11 Minute Bodyweight Workout With Proven Fitness Benefits



Users were asked to “challenge themselves” during Swedish Gymnastics, performing as many exercises as they could in one minute, before walking in place, then moving on to the next exercise.

After six weeks, all volunteers returned to the lab for follow-up testing. And, unsurprisingly, users were in better shape, having increased their endurance by about 7 percent on average. The power in their legs had also increased slightly. The physical condition and strength of the control group remained unchanged.

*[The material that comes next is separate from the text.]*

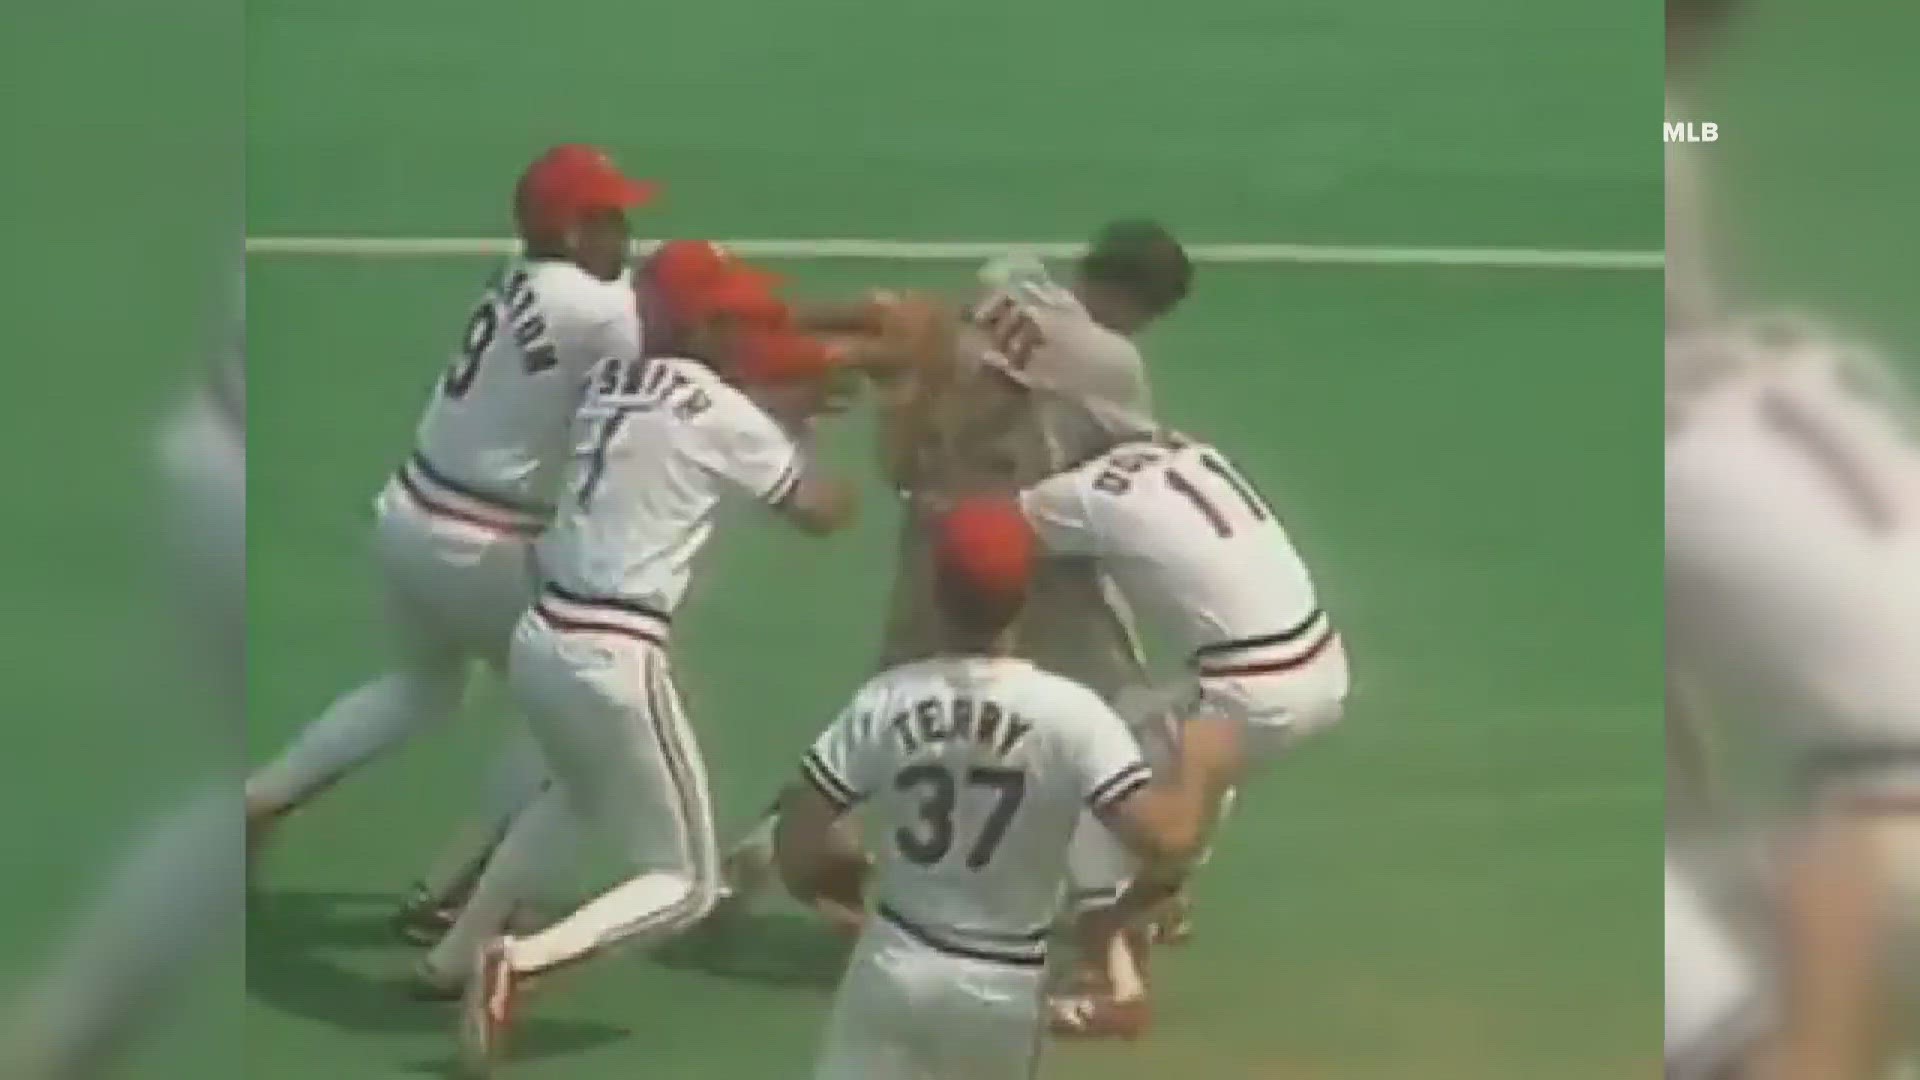 The Cardinals are not exempt from some scuffles in their history. We look back on some of the most notable brawls.
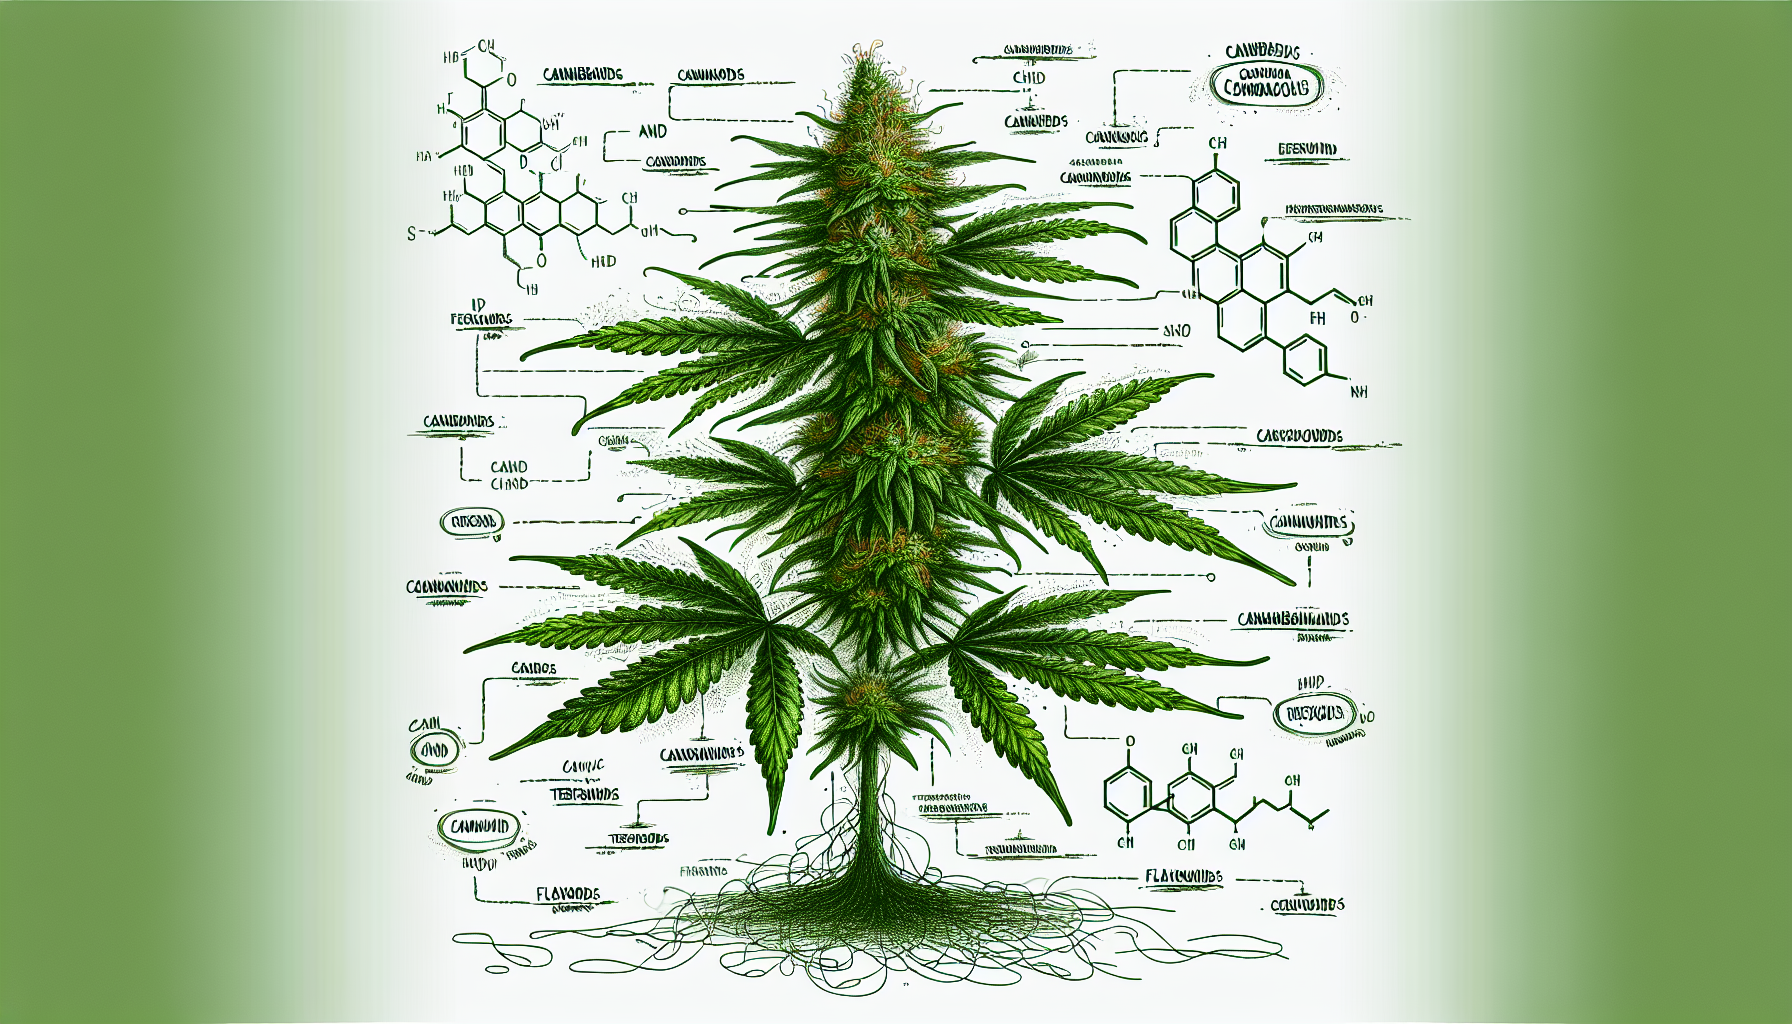 Illustration of cannabis plant with various compounds

“It was good to see our expectations confirmed,” said Martin Gibala, professor of kinesiology at McMaster University, who oversaw the new study and, with various collaborators, published influential studies on intense interval training. in the past.

“It seemed obvious” that this kind of training had to be effective, he says. But “we now have proof” that brief, basic bodyweight training “can make a significant difference” in fitness, he says.

The study was small and fairly short-term, however, and looked at the effects only in healthy young people who are able to perform burpees and jump squats. “Some people may need to replace” some of the exercises, says Dr. Gibala, especially anyone who has problems with joint pain or balance. (See the 7 Minute Standing Workout for examples of suitable substitutions, in this case.)

But whatever Swedish gymnastics mix you settle into, “the key is to push yourself a little bit” during every one-minute interval, he says.